Ознакомительная версия. Доступно 14 страниц из 66
Церковь стоит на Хемпстедском холме, где Артур меня и высаживает. Брин всегда предпочитал всё решать у себя дома.
— Дальше вы знаете, — прозвучало как утверждение, а не вопрос, и это были первые слова Артура после «Привет, Нат».

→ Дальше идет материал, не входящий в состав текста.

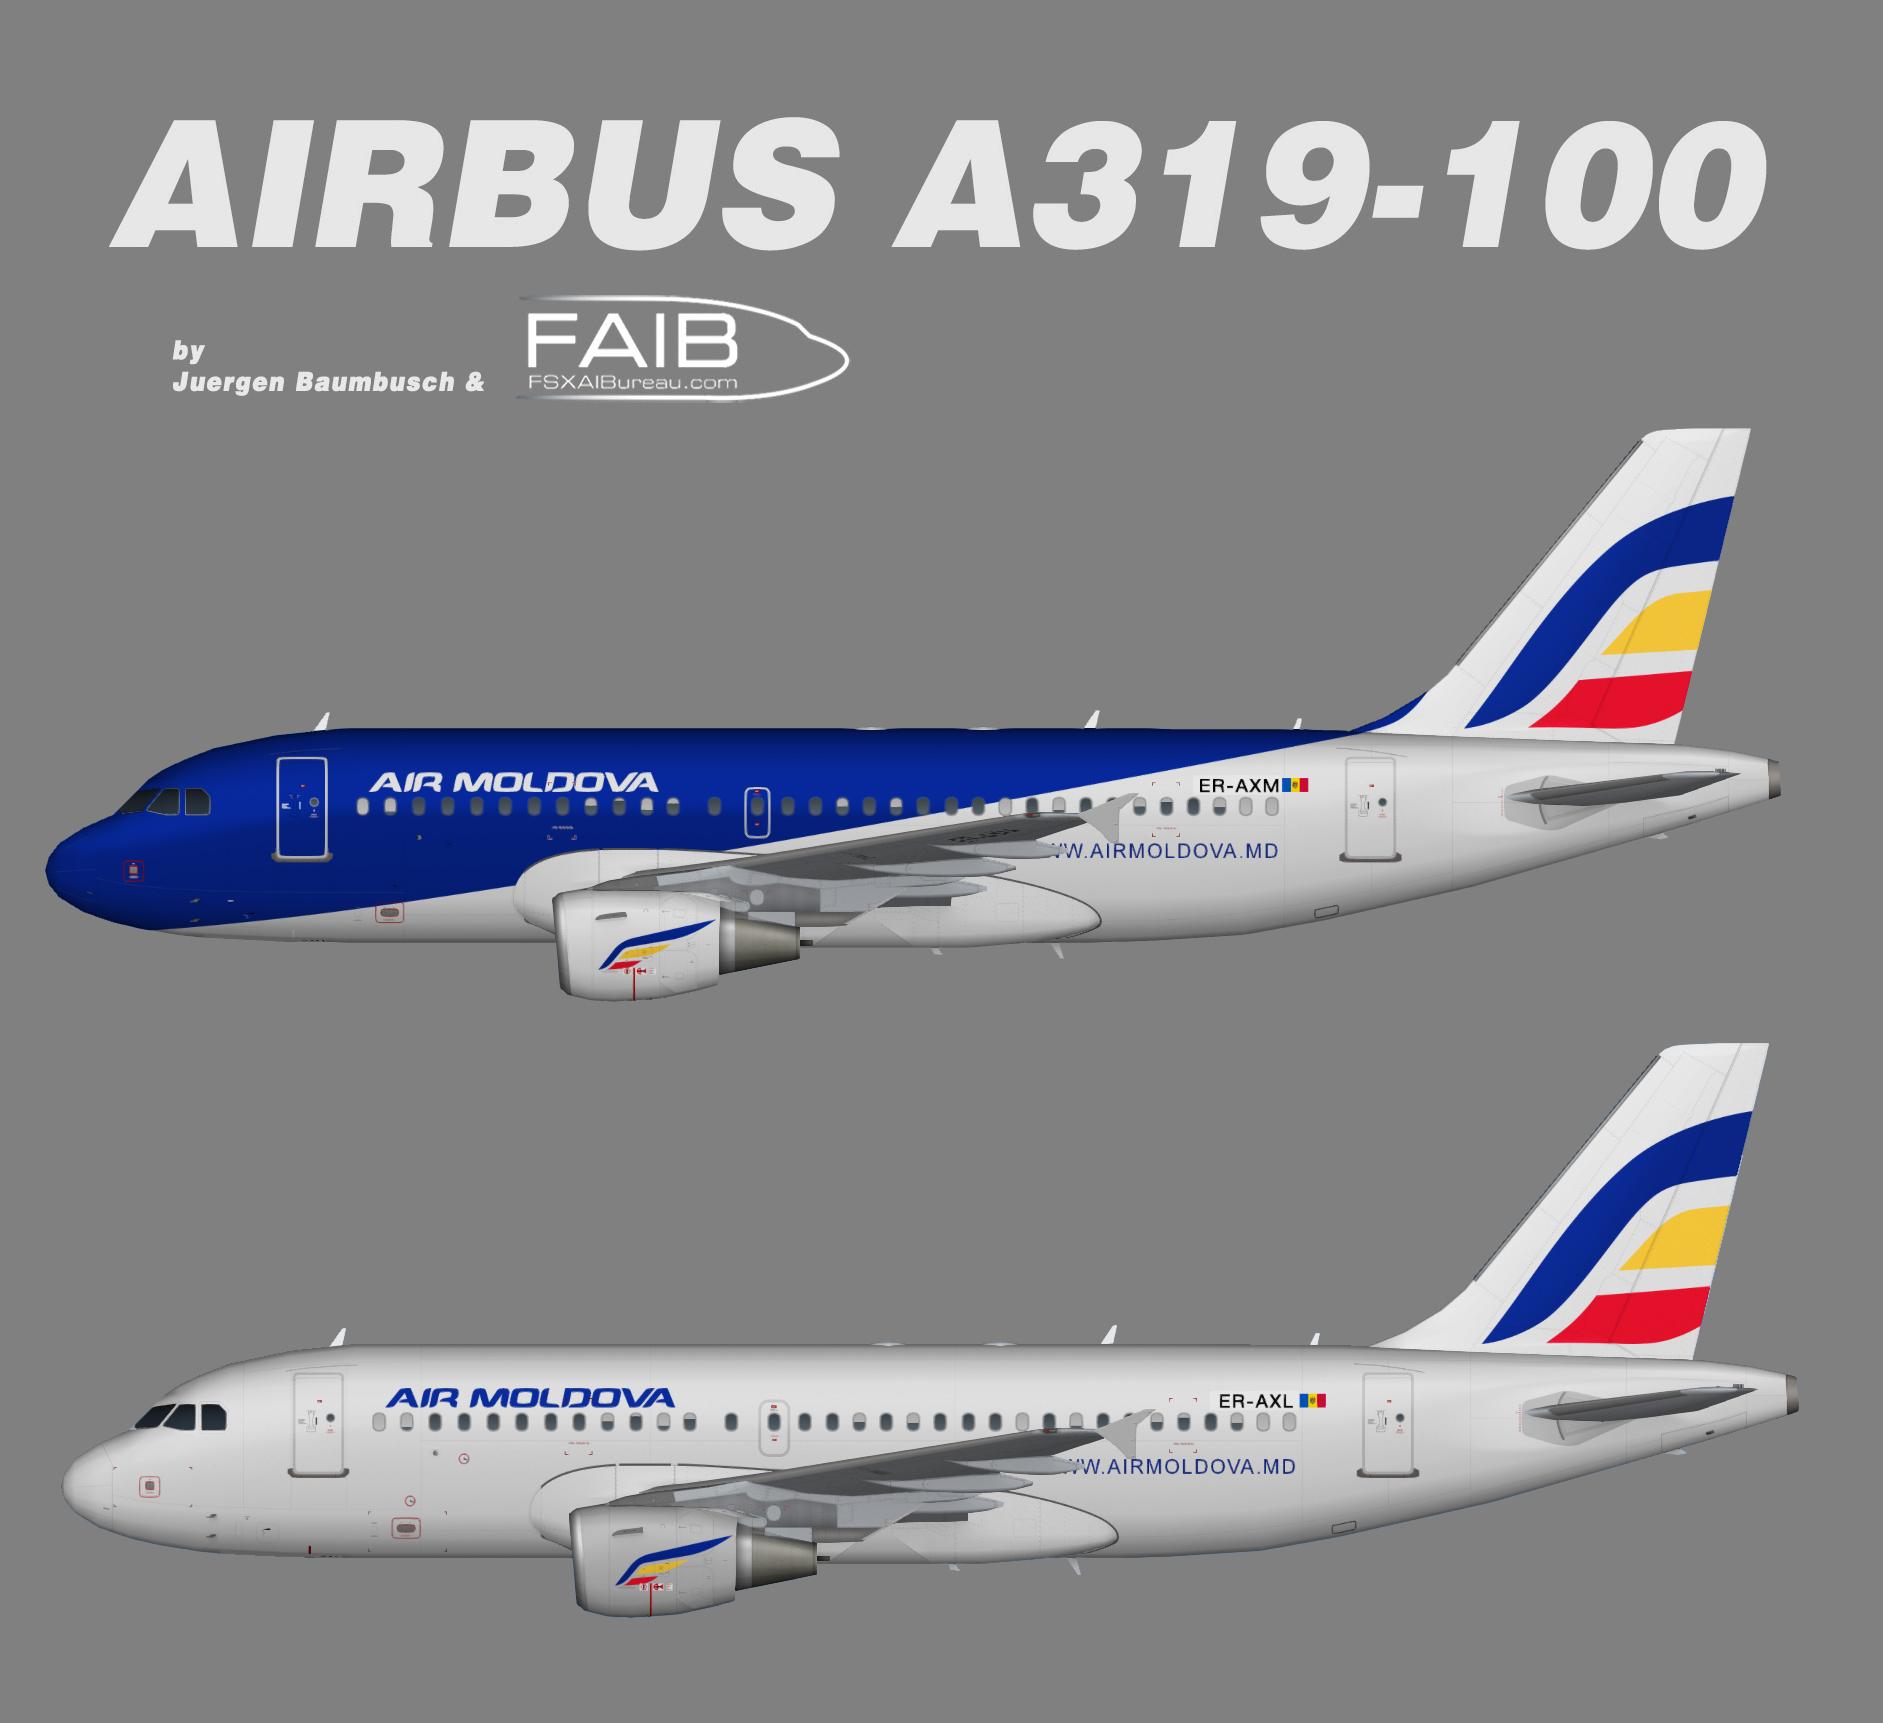 Air Moldova A319-100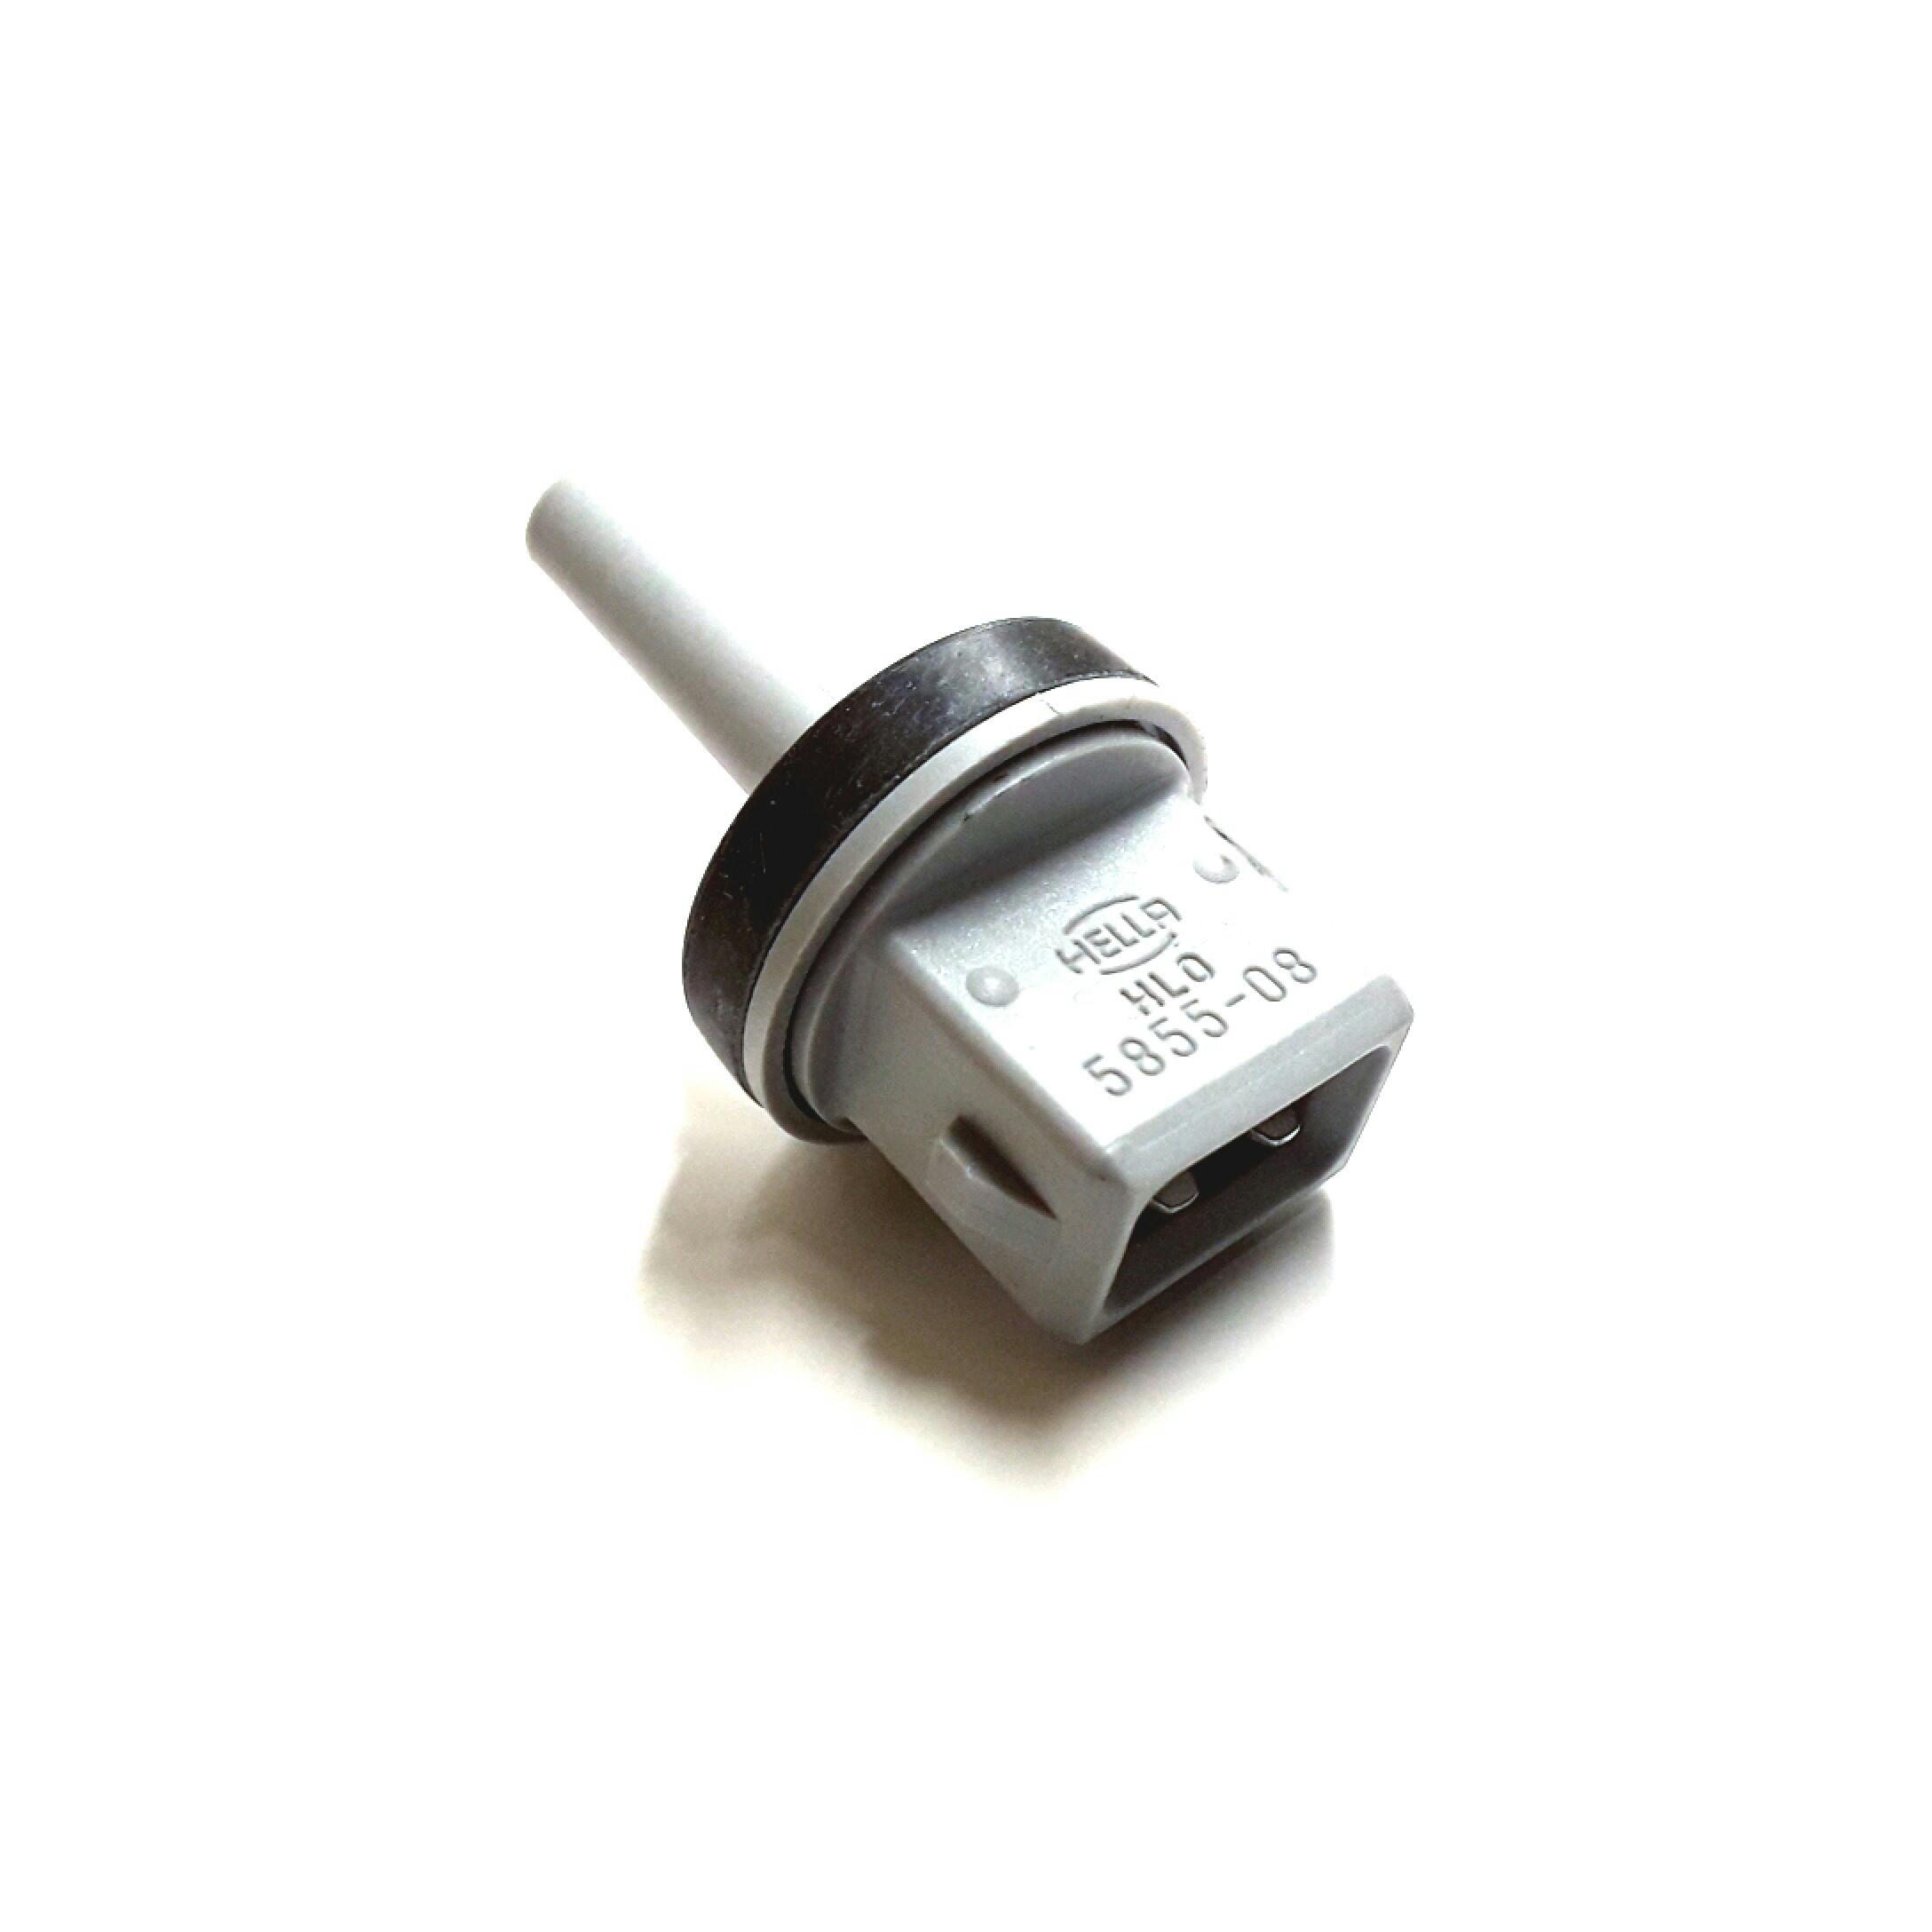 2000 Volkswagen Passat Temperature Sensor Evaporator

— Да, Артур, спасибо, знаю.
С тех пор как я стал новым лицом Московского отдела, а Прю моей благоверной сотрудницей Конторы, Брин, его красавица-жена, китаянка А Чань, и их дети (три музыкальные дочери и трудный сын) жили на этом холме, в огромной вилле восемнадцатого века с видом на Хемпстедскую пустошь. Когда нас вызывали из Москвы на какой-нибудь мозговой штурм или мы просто приезжали отдохнуть дома, именно здесь, в этом кирпичном особняке нежной расцветки за высокими воротами с колокольчиком, устраивались развесёлые семейные ужины, дочки играли песни Шуберта, а самые отважные из нас им подпевали. А под Рождество исполнялись мадригалы, так как Брины, как мы их называли, были католиками, о чём вам напоминал распятый на кресте Христос, висящий в тёмном холле. Как мог коренной валлиец превратиться в набожного католика, мне не понять, но этот человек был загадкой по своей природе.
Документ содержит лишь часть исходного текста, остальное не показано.